Question

A capacitor is charged by a battery. The battery is removed and another identical uncharged capacitor is connected in parallel. The total electrostatic energy of the resulting system:
$\left( a \right)$ Increase by a factor of $2$
$\left( b \right)$ Increase by a factor of $4$
$\left( c \right)$ Decrease by a factor of $2$
$\left( d \right)$ Remains the same

Answer 1

Hint: Kirchhoff’s Voltage Law is that the second of his elementary laws we will use for circuit analysis. His voltage law states that for a closed-loop system series path the algebraically total of all the voltages around any closed-loop system in an exceeding circuit is adequate zero. This is often as a result of a circuit loop that could be a closed conducting path thus no energy is lost.

Complete step by step solution: Here in the question it is given that the capacitor is charged initially with the battery. For this, the diagram is shown below.

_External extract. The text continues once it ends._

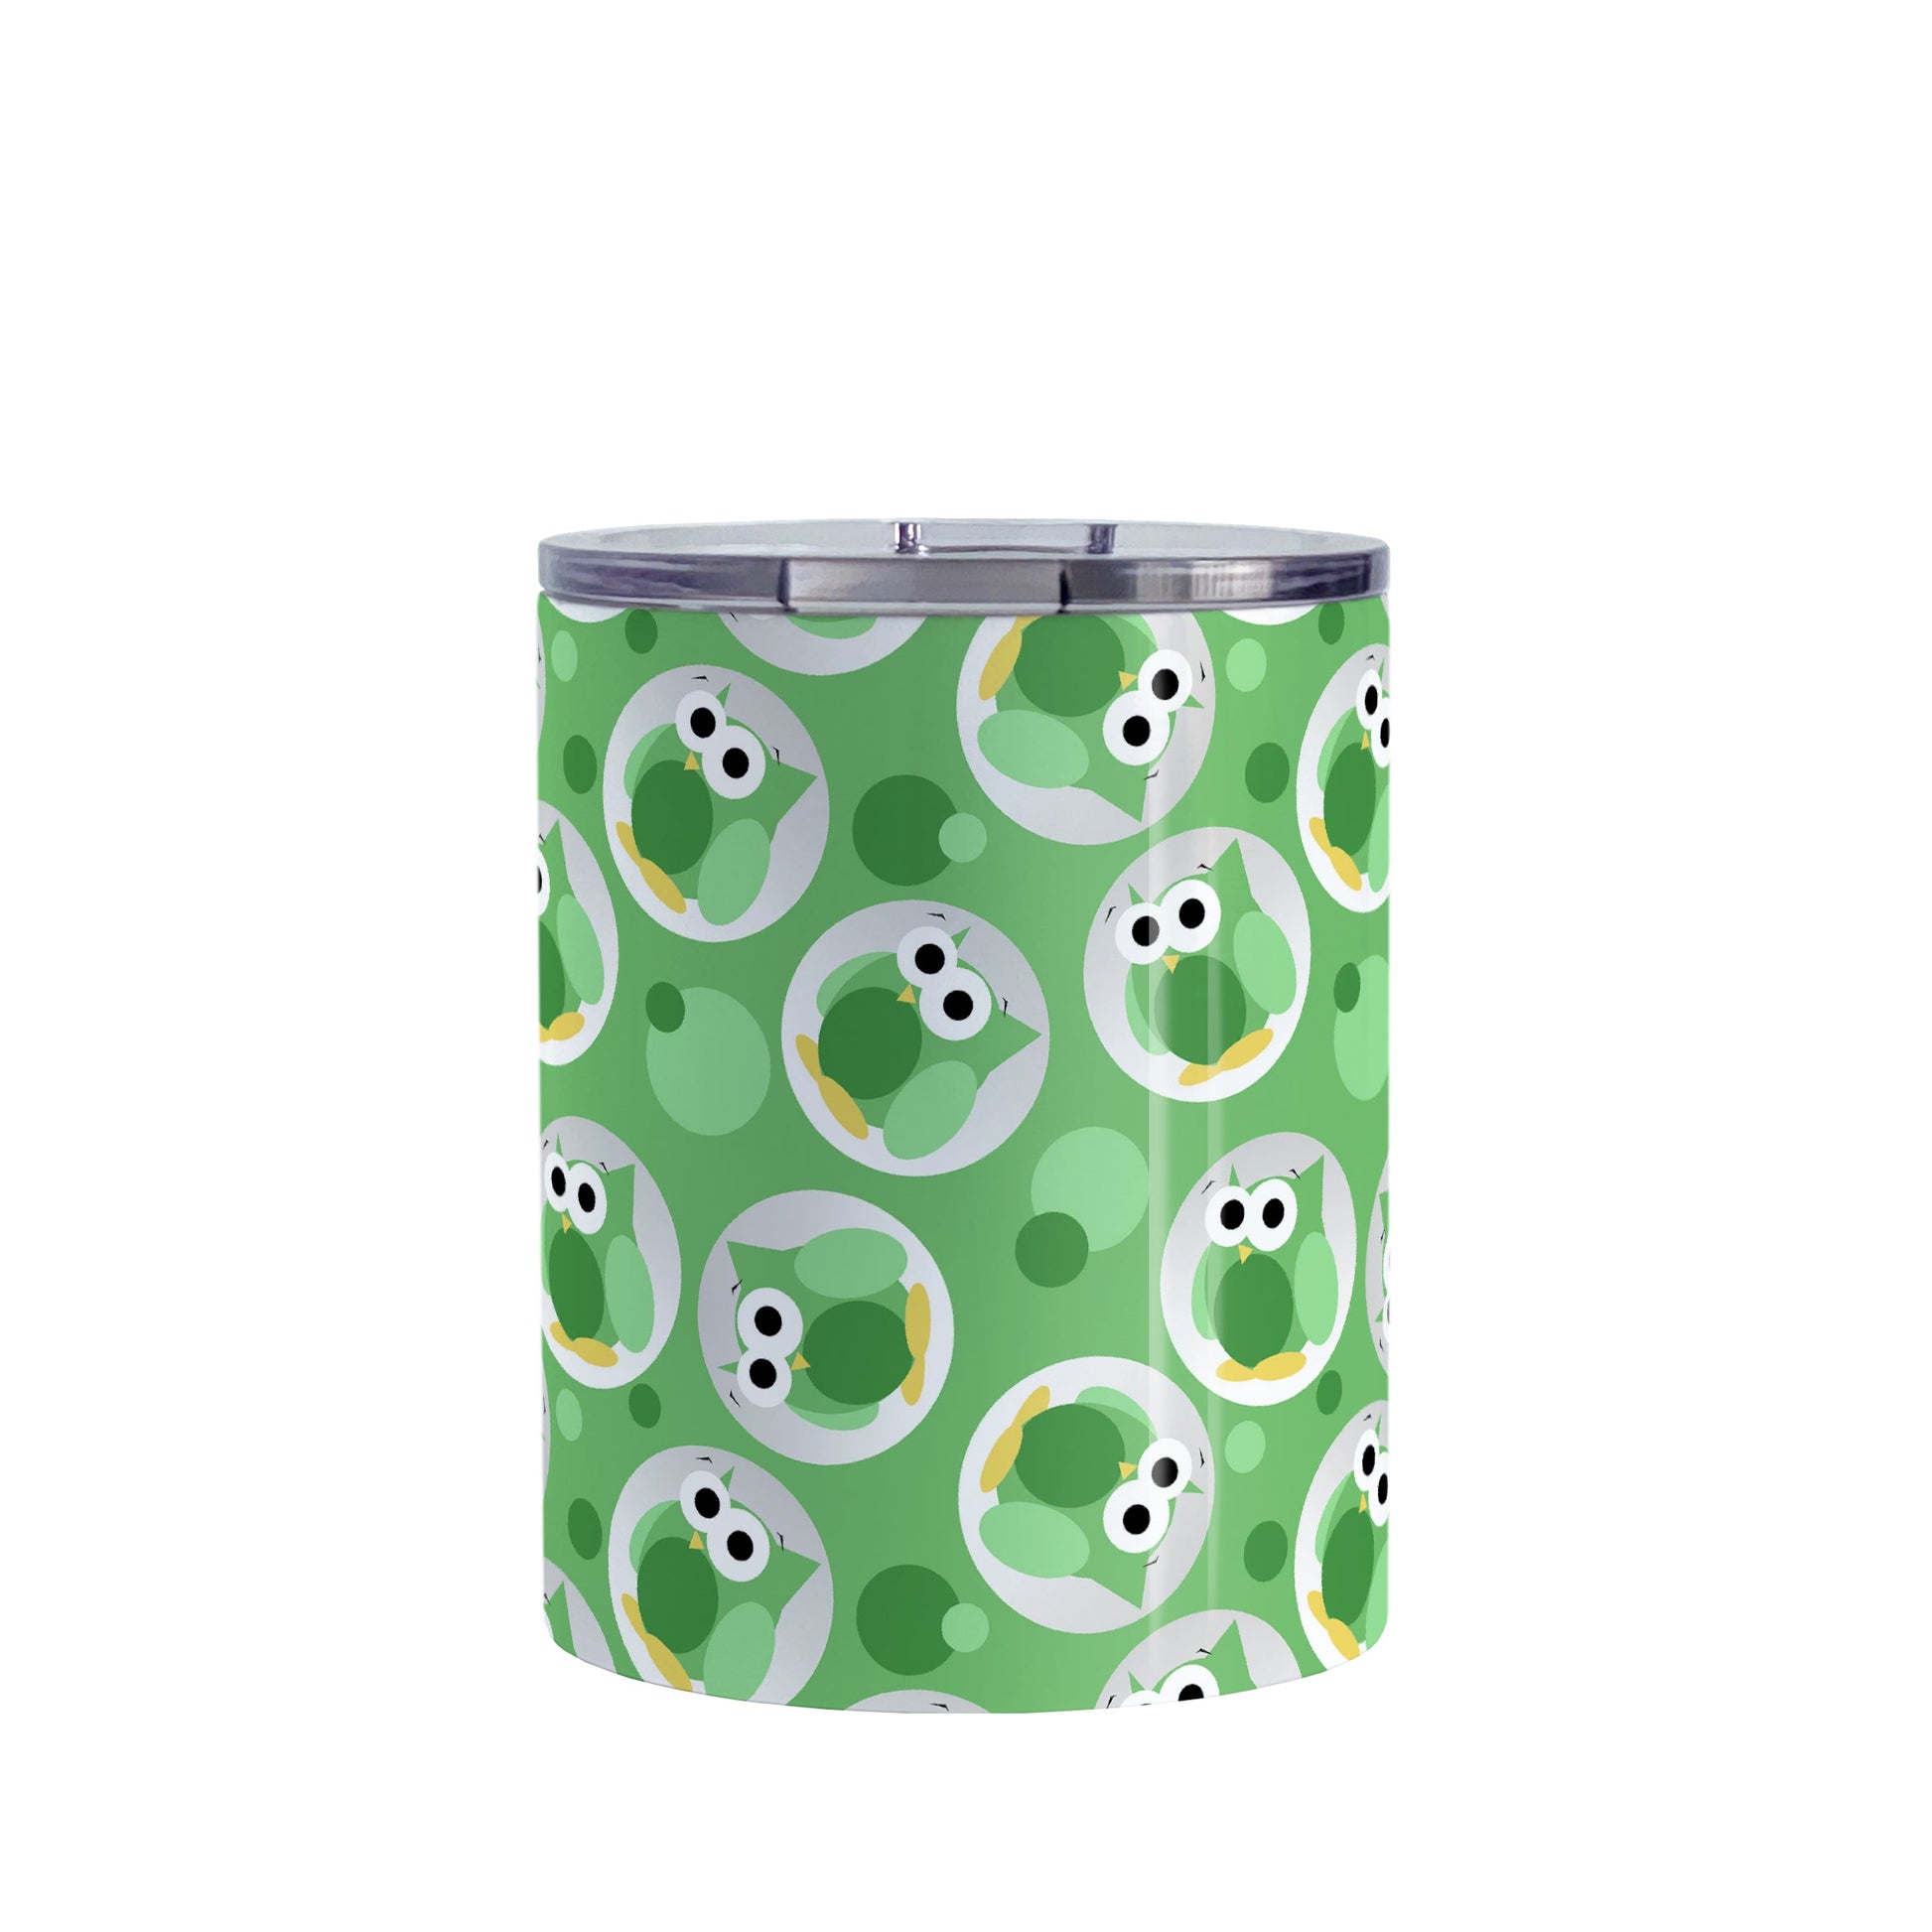 Funny Cute Green Owl Pattern Tumbler Cup (10oz, stainless steel insulated) at Amy's Coffee Mugs

                                               
The total charge is equal to ${Q_0}$;
Therefore from the figure, we can write,
$ \Rightarrow {Q_1} + {Q_2} = {Q_0}$
Now applying KVL,
And as we know in KVL for a closed-loop system series path the algebraically total of all the voltages around any closed-loop system in an exceeding circuit is adequate zero.
Therefore,
\[ \Rightarrow \dfrac{{{Q_1}}}{C} = \dfrac{{{Q_2}}}{C} = 0\]
On further solving the equation, we can write it as;
$ \Rightarrow {Q_1} = {Q_2}$
And since ${Q_1} + {Q_2} = {Q_0}$
Therefore
$ \Rightarrow {Q_1} = {Q_2} = \dfrac{{{Q_0}}}{2}$
Since the initial electrostatic charge is,
\[ \Rightarrow {E_i} = \dfrac{1}{2}C{V^2} = \dfrac{{Q_0^2}}{{2C}}\]
Therefore, the final electrostatic charge will be
\[ \Rightarrow {E_f} = \dfrac{1}{2}C{V^2} + \dfrac{1}{2}C{V^2}\]
Now putting the values which we have calculated initially in the above equation, we get
\[ \Rightarrow \dfrac{{Q_1^2}}{{2C}} + \dfrac{{Q_2^2}}{{2C}}\]
On further solving,
\[ \Rightarrow \dfrac{{Q_0^2}}{{8C}} + \dfrac{{Q_0^2}}{{8C}}\]
Adding both the terms, we get
\[ \Rightarrow \dfrac{{Q_0^2}}{{4C}}\]
So now we will calculate the ratio of ${E_f}$and ${E_i}$
We get,
$\dfrac{{{E_f}}}{{{E_i}}} = \dfrac{{\dfrac{{Q_0^2}}{{4C}}}}{{\dfrac{{Q_0^2}}{{2C}}}}$
On solving this, we get
$\dfrac{{{E_f}}}{{{E_i}}} = \dfrac{1}{2}$

Therefore, the total electrostatic energy of the resulting system decrease by a factor $2$.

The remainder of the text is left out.